In both “Two Concepts” and “The Hedgehog,” Berlin left little doubt where his sympathy lay: with pluralistic liberty and with the fox or the diversity of knowledge. These commitments infuse all his work. Berlin champions the pluralism of knowledge and decries what he considers its opposite: total visions that suppress individual differences and finally individuals themselves. He regularly calls for the ad hoc, skeptical and pluralistic approach. To put it differently: Berlin’s writings cluster around the issue of totalitarianism. He is the philosophical doyen of pluralism and anti-totalitarianism.

Two sources feed his philosophical pluralism. By his training in British philosophy, Berlin instinctively distrusts grand theories. In his prose and pose, he is a consummate English thinker. By his personal history, Berlin is something else. “I am still a Russian Jew from Riga,” he has remarked, “that is how I was born and that is who I will be to the end of my life.” Berlin left Latvia as a boy right after the Bolshevik Revolution. Other members of his extended family succumbed to Nazism. These fateful experiences give rise to Berlin’s lifelong grappling with totalitarianism. He is an Oxford don with a Russian and Jewish soul.

The opening essay in this collection, “The Sense of Reality,” after which the book is titled, is vintage Berlin, the best of the lot. In this piece from 1953, Berlin rains on the idea of “key” to history; he reminds us how wrong the system-makers and great theorists have been. They have talked of the “march of history” or the inevitable forces of history, but they have nothing to show for it. What we need is less vapid theories than an eye, ear and nose for the peculiarities of history, what Berlin calls an irreplaceable “sense of reality.”

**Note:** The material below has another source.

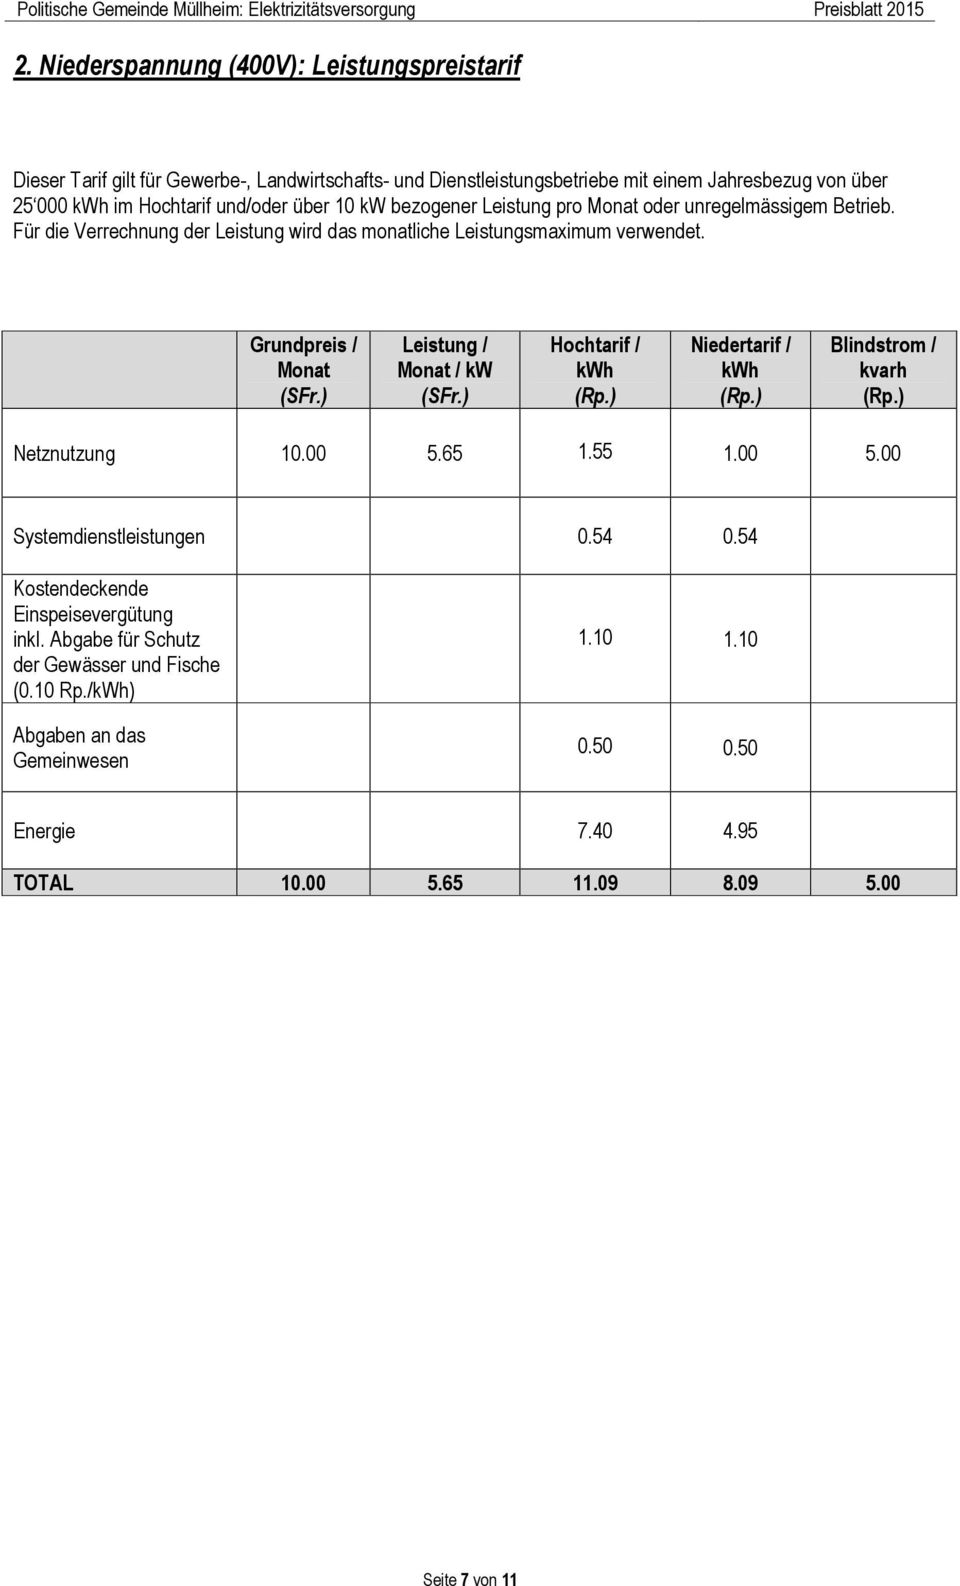 Grundpreis / Monat Leistung / Monat / kw Hochtarif / kwh Niedertarif / kwh Blindstrom / kvarh Netznutzung 10.00 5.65 1.55 1.00 5.00 Systemdienstleistungen 0.54 0.
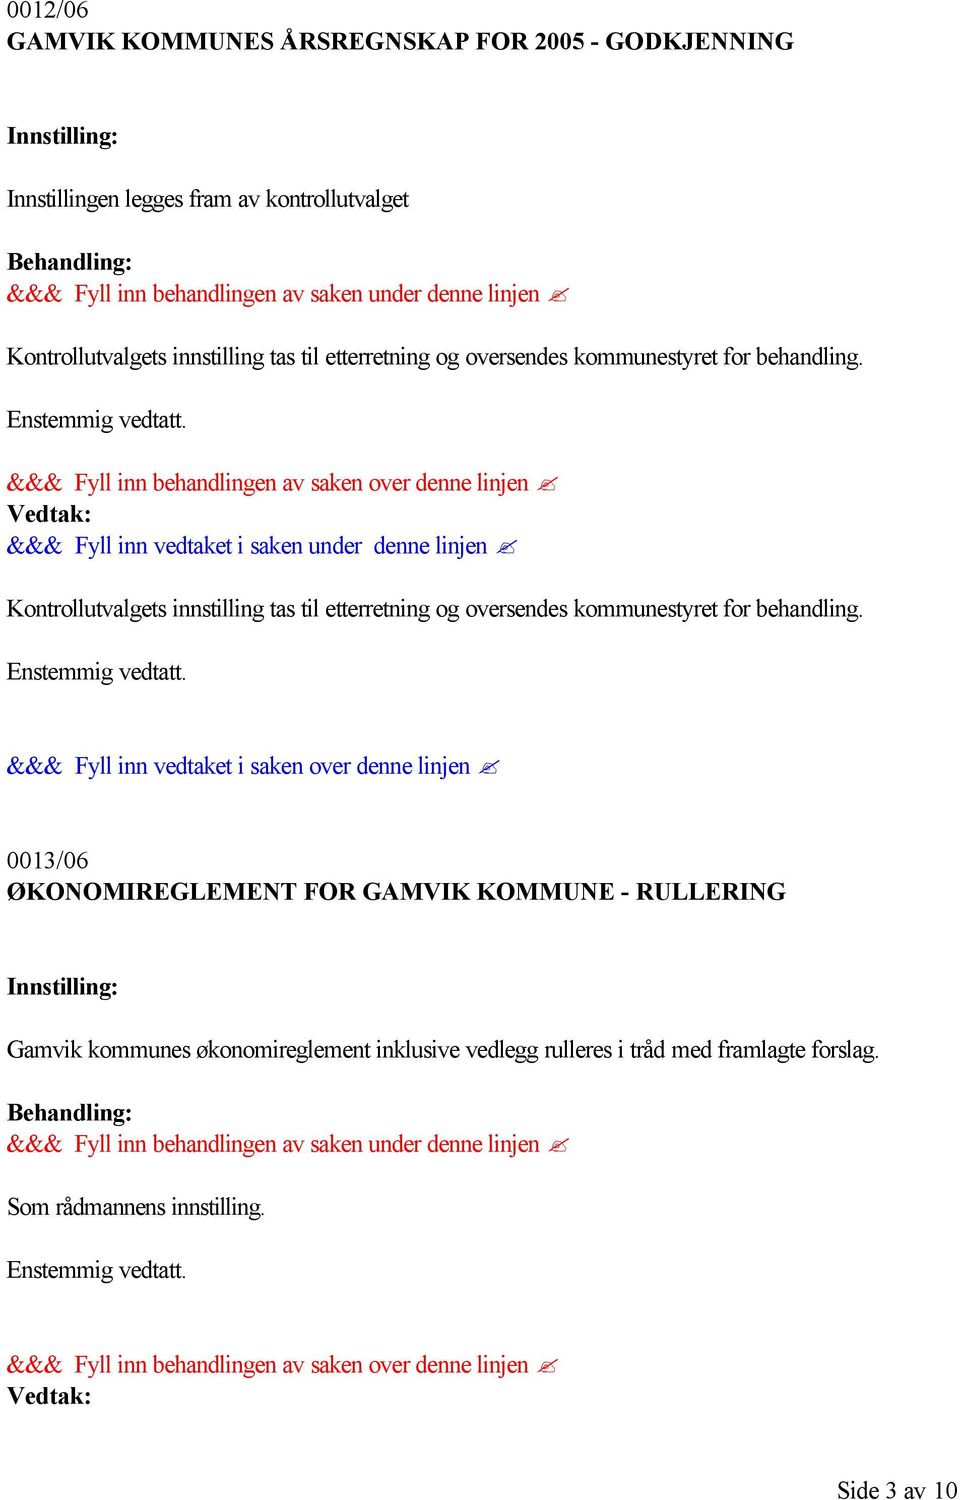 0013/06 ØKONOMIREGLEMENT FOR GAMVIK KOMMUNE - RULLERING Gamvik kommunes økonomireglement inklusive vedlegg rulleres i

In this and other essays, Berlin usually targets Marxism as the villain, a big theory with lethal implications. Many of his objections are well-founded, yet this judicious thinker often paints in very broad strokes. Adopting the terminology of the Russian revolutionary, Georgi Plekhanov, he calls Marxism a “monistic conception of history” that supposes a “single, all-bracing” law. He tells us that Marxists have rejected morality and, most dramatically, that Marxism signifies a “turning-point in human history.”

“Before Marx it is, I think, true to say that there had existed . . . a general assumption . . . of certain common values.” After Marx and his idea of class divided society, the “basic assumptions of rational dispute” are gone. Marx undermined “the entire notion of the unity of mankind” and designated “entire sections of mankind” as “enemies of mankind.”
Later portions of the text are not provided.